These images are long-ago memories that continue to haunt Isaac’s character — he’s the card counter of the title, a professional gambler who calls himself William Tell. Years before he acquired that amusing pseudonym, he was a soldier stationed at Abu Ghraib, where he participated in the torture and interrogation of prisoners. Eventually he was court-martialed and incarcerated at Leavenworth, a rather nicer prison than his previous outpost; finding a strange comfort in life behind bars, he read books, broadened his mind and learned to count cards. Now back on the outside, William spends his days hopping from casino to casino, playing just skillfully enough to beat the house without cleaning it out. The routine suits him and keeps him busy. His demons have never left, but he’s holding them at bay.

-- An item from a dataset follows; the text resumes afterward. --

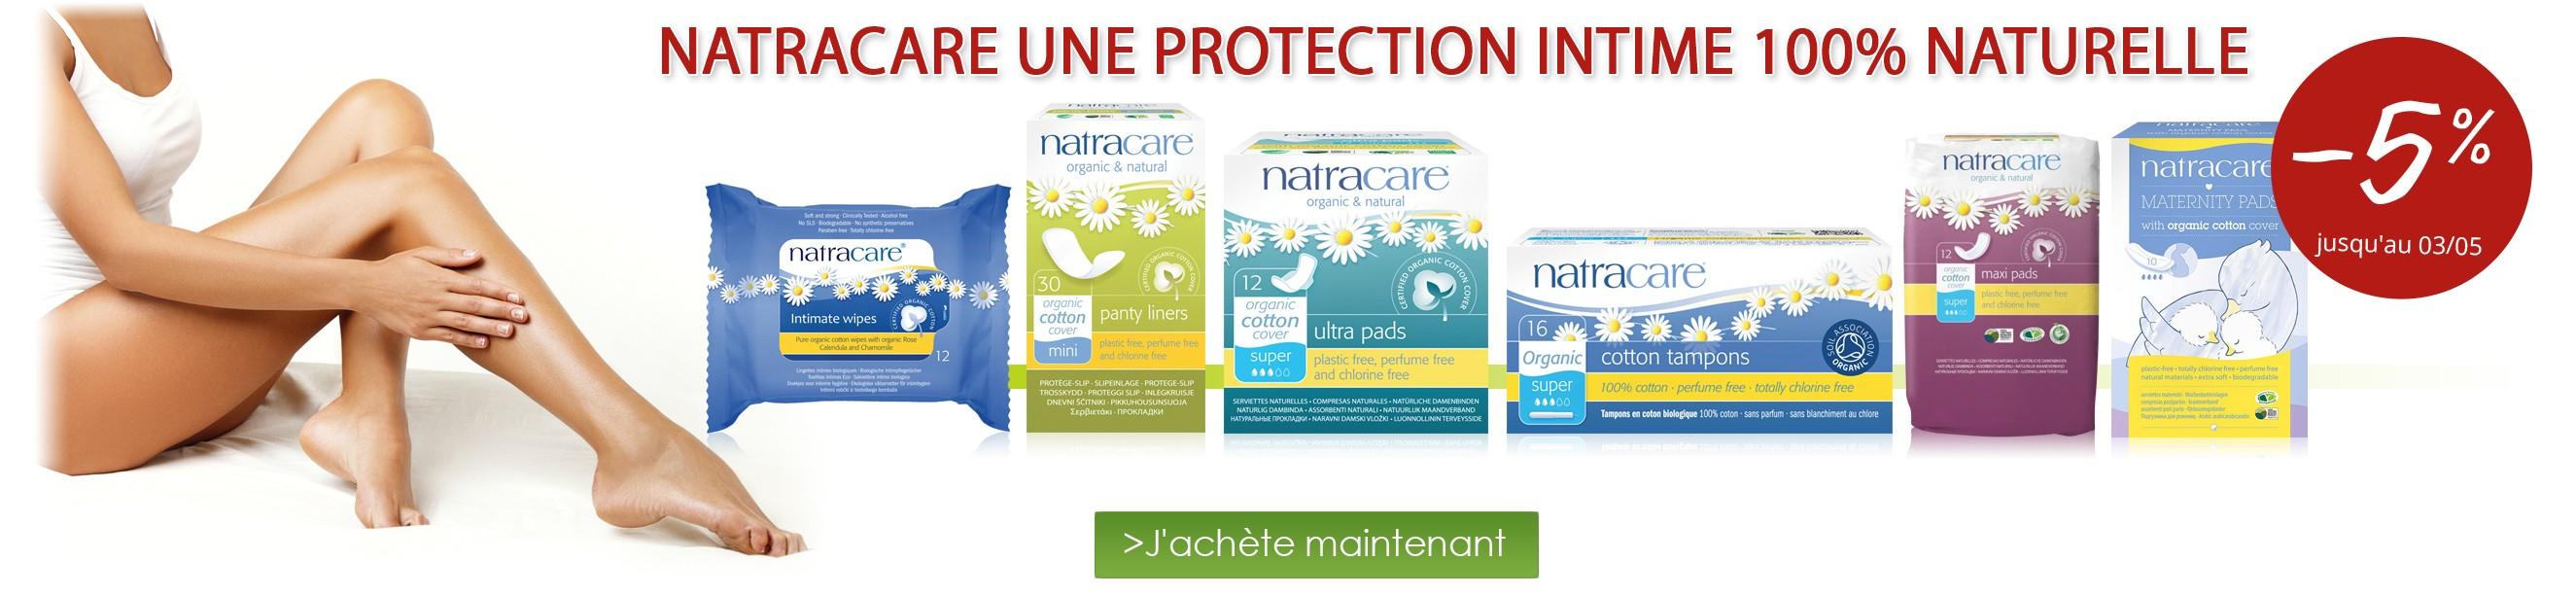 -5% sur toute la marque Natracare
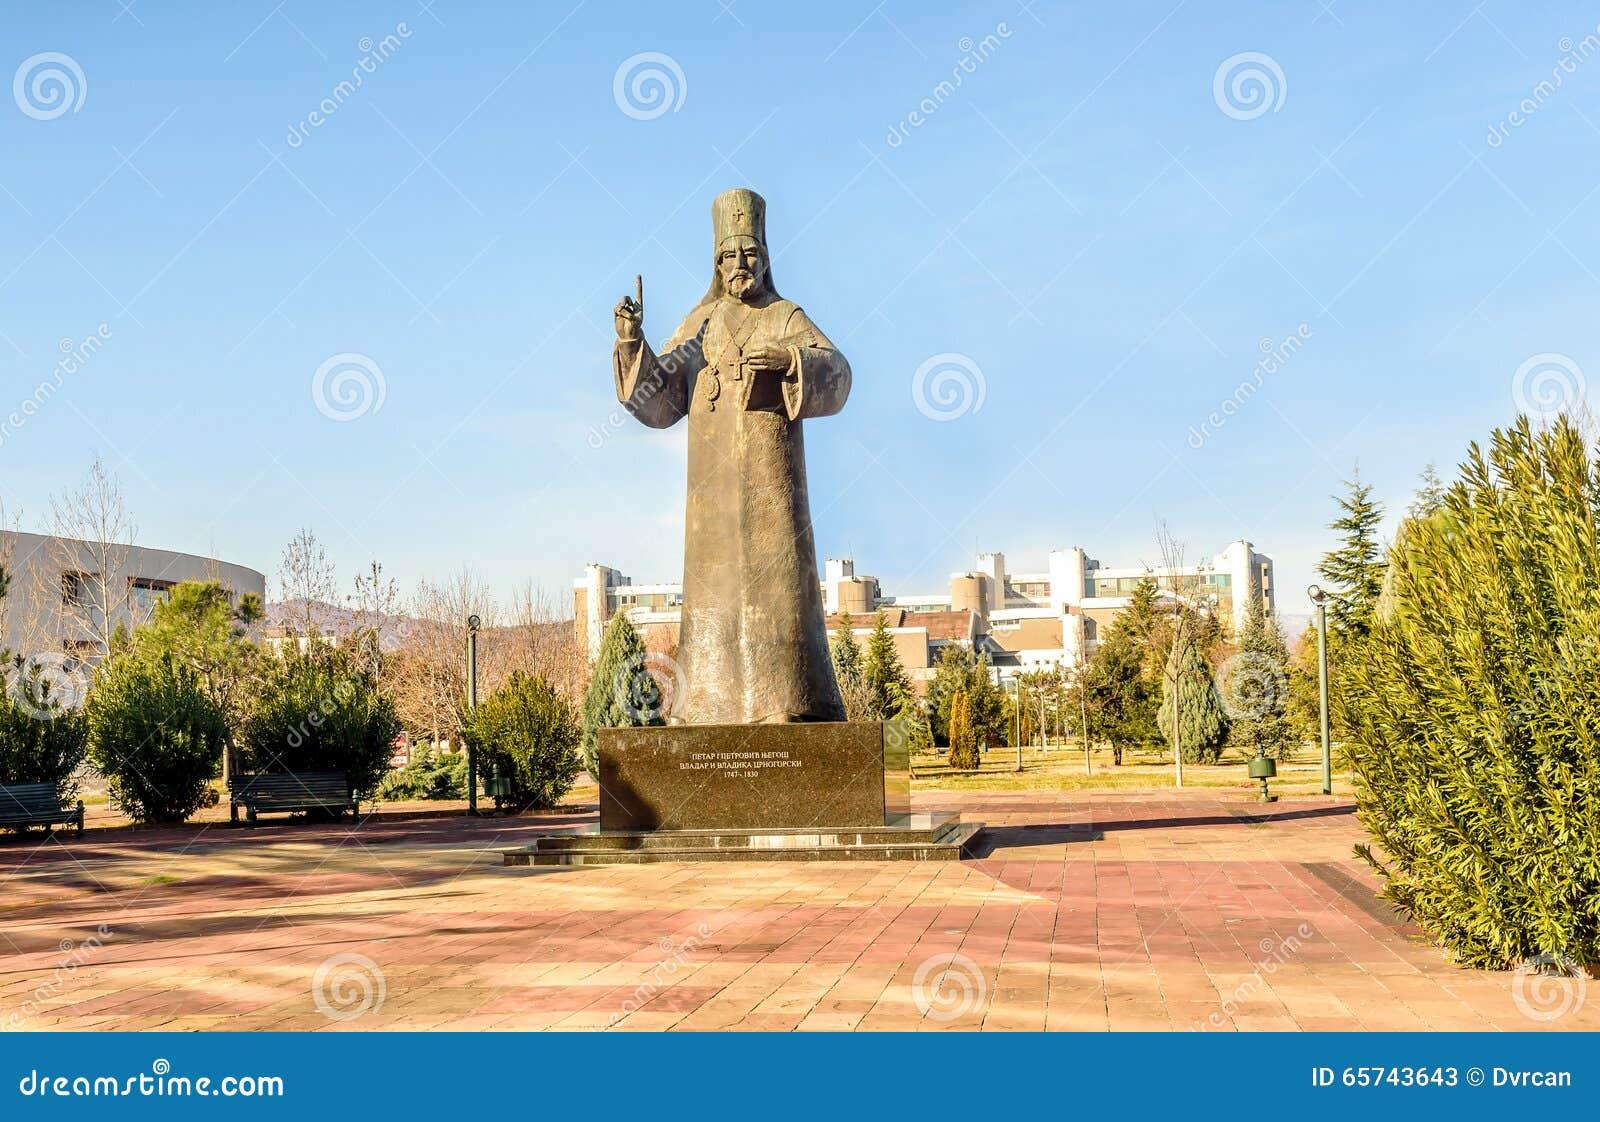 Statue de Petar I Petrovic Njegos à Podgorica, Monténégro

Schrader, being Schrader, means to draw those demons back out into the open, to put his gravely conflicted antihero through his own intensely personal yet oddly familiar stations of the cross. Like some of the filmmaker’s other charismatically brooding sinners — Willem Dafoe’s crisis-ridden drug dealer in “Light Sleeper,” Ethan Hawke’s climate-conscious minister in “First Reformed” — William likes to sit alone in his room at night, nursing a glass of booze and pouring his dark thoughts into a handwritten diary from which he reads a few helpful expository excerpts. But for all these kindred spirits, William also stands apart, as does Isaac in one of his richest, subtlest performances.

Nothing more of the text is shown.